(Given records)

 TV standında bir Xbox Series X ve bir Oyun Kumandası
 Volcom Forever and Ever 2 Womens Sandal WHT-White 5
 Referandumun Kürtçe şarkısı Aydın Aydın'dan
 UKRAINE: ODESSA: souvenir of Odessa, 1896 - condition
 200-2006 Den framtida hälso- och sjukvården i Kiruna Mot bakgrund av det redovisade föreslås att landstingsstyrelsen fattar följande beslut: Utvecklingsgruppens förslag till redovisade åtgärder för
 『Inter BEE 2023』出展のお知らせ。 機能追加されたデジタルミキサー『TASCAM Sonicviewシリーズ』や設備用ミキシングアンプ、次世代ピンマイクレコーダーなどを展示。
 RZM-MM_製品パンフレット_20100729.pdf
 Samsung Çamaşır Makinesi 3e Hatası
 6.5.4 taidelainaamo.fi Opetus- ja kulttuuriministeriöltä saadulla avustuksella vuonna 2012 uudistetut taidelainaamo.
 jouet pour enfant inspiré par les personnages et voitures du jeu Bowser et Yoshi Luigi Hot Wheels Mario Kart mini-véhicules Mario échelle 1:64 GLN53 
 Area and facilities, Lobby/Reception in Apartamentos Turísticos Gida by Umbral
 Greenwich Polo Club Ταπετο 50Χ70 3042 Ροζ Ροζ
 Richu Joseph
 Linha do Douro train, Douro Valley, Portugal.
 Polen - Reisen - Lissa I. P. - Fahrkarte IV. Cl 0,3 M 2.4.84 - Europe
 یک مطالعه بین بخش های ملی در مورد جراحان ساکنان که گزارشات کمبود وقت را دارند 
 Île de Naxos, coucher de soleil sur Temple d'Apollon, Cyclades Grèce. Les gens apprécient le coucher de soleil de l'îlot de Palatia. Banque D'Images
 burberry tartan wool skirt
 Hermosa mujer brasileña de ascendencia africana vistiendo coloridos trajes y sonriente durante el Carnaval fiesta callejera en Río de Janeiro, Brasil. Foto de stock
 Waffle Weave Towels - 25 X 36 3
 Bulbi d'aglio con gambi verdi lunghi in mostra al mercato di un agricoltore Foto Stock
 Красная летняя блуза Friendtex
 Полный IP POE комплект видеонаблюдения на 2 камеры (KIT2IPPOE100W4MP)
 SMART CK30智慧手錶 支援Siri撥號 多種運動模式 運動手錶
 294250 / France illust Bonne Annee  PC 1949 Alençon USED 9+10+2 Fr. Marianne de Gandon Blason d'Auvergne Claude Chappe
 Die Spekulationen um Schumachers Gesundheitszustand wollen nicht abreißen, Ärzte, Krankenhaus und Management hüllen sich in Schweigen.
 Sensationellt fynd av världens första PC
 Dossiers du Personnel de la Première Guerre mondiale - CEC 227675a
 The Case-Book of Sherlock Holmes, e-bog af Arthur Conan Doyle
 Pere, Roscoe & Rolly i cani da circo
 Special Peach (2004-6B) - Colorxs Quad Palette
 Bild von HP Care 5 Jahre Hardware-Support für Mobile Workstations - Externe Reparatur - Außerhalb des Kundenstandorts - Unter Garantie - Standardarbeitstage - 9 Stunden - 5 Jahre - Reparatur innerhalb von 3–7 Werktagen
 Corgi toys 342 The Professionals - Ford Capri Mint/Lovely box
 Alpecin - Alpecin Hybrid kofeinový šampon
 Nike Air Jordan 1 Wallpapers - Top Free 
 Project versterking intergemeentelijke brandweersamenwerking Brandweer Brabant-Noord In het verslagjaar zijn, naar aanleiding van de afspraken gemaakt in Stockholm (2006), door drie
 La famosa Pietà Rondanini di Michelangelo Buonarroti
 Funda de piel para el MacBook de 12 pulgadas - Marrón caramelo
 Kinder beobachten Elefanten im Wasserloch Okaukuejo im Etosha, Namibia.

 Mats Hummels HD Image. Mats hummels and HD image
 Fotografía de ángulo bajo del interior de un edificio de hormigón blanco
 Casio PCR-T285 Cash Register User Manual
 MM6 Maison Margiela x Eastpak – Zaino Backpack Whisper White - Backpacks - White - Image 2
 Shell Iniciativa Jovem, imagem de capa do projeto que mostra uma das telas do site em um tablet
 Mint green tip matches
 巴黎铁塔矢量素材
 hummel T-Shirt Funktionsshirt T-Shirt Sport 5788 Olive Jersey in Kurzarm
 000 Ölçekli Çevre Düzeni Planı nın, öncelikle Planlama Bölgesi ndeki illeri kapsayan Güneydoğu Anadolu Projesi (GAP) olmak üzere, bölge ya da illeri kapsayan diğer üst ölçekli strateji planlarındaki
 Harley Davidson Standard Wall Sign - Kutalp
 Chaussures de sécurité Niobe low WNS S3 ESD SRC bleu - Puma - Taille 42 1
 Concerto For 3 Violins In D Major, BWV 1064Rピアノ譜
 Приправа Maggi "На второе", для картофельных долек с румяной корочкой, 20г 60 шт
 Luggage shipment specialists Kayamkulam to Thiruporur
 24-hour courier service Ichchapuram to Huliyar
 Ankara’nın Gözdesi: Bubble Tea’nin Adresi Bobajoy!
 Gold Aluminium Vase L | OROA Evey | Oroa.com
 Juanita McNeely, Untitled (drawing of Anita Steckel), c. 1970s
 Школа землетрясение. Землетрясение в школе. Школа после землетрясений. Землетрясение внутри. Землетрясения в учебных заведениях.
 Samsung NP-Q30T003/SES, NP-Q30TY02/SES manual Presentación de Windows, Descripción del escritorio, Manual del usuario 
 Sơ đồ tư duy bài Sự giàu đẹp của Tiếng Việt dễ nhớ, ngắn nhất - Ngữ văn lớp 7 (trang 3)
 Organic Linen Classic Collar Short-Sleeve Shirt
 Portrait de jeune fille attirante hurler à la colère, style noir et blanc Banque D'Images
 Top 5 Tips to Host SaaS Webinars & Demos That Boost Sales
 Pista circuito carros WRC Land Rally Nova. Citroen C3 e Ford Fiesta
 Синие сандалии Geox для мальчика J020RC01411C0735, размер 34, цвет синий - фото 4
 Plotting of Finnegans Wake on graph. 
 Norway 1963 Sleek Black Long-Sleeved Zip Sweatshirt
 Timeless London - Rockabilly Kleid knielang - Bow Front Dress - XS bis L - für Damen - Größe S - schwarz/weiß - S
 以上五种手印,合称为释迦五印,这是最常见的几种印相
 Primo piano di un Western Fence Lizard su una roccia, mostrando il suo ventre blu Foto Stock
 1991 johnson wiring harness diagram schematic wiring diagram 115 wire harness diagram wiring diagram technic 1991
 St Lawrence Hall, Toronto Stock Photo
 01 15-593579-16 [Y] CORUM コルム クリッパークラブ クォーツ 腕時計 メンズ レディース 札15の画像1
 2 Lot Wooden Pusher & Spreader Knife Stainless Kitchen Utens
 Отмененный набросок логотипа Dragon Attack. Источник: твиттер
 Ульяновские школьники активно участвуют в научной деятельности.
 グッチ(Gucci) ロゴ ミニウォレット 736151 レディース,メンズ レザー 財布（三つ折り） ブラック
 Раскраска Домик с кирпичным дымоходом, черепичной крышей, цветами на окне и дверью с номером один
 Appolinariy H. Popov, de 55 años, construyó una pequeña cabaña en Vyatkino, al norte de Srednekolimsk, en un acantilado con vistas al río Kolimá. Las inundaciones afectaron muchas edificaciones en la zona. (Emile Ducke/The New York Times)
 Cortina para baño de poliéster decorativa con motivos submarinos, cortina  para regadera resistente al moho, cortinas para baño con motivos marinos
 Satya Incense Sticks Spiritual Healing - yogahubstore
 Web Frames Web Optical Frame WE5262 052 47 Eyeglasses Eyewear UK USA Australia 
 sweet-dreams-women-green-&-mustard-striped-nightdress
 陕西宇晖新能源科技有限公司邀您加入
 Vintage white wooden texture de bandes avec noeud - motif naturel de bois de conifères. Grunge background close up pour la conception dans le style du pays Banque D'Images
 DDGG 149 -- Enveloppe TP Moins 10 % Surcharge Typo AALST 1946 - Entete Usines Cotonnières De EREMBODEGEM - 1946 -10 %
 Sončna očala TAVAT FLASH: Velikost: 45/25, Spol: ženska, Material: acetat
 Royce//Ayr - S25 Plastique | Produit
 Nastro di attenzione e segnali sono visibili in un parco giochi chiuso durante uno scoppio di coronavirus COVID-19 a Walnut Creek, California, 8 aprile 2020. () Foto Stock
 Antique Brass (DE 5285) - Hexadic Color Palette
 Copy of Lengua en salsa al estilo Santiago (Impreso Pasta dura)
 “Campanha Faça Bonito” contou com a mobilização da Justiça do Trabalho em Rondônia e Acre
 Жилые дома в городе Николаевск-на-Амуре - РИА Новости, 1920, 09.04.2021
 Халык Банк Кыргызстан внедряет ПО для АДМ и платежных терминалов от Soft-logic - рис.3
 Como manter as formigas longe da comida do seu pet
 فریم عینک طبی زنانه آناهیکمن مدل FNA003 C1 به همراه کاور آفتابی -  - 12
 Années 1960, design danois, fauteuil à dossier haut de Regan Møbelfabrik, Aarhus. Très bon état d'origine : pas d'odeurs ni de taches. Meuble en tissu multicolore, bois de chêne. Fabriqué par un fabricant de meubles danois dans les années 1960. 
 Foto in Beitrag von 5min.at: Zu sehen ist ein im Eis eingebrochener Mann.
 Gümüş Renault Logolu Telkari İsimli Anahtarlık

(End Given records)

Produce a word-for-word copy of everything above from the line holding "Polen - Reisen" down to the line holding "La famosa Pietà", with both of those lines kept.

▶ [Answer to the exercise]
 Polen - Reisen - Lissa I. P. - Fahrkarte IV. Cl 0,3 M 2.4.84 - Europe
 یک مطالعه بین بخش های ملی در مورد جراحان ساکنان که گزارشات کمبود وقت را دارند 
 Île de Naxos, coucher de soleil sur Temple d'Apollon, Cyclades Grèce. Les gens apprécient le coucher de soleil de l'îlot de Palatia. Banque D'Images
 burberry tartan wool skirt
 Hermosa mujer brasileña de ascendencia africana vistiendo coloridos trajes y sonriente durante el Carnaval fiesta callejera en Río de Janeiro, Brasil. Foto de stock
 Waffle Weave Towels - 25 X 36 3
 Bulbi d'aglio con gambi verdi lunghi in mostra al mercato di un agricoltore Foto Stock
 Красная летняя блуза Friendtex
 Полный IP POE комплект видеонаблюдения на 2 камеры (KIT2IPPOE100W4MP)
 SMART CK30智慧手錶 支援Siri撥號 多種運動模式 運動手錶
 294250 / France illust Bonne Annee  PC 1949 Alençon USED 9+10+2 Fr. Marianne de Gandon Blason d'Auvergne Claude Chappe
 Die Spekulationen um Schumachers Gesundheitszustand wollen nicht abreißen, Ärzte, Krankenhaus und Management hüllen sich in Schweigen.
 Sensationellt fynd av världens första PC
 Dossiers du Personnel de la Première Guerre mondiale - CEC 227675a
 The Case-Book of Sherlock Holmes, e-bog af Arthur Conan Doyle
 Pere, Roscoe & Rolly i cani da circo
 Special Peach (2004-6B) - Colorxs Quad Palette
 Bild von HP Care 5 Jahre Hardware-Support für Mobile Workstations - Externe Reparatur - Außerhalb des Kundenstandorts - Unter Garantie - Standardarbeitstage - 9 Stunden - 5 Jahre - Reparatur innerhalb von 3–7 Werktagen
 Corgi toys 342 The Professionals - Ford Capri Mint/Lovely box
 Alpecin - Alpecin Hybrid kofeinový šampon
 Nike Air Jordan 1 Wallpapers - Top Free 
 Project versterking intergemeentelijke brandweersamenwerking Brandweer Brabant-Noord In het verslagjaar zijn, naar aanleiding van de afspraken gemaakt in Stockholm (2006), door drie
 La famosa Pietà Rondanini di Michelangelo Buonarroti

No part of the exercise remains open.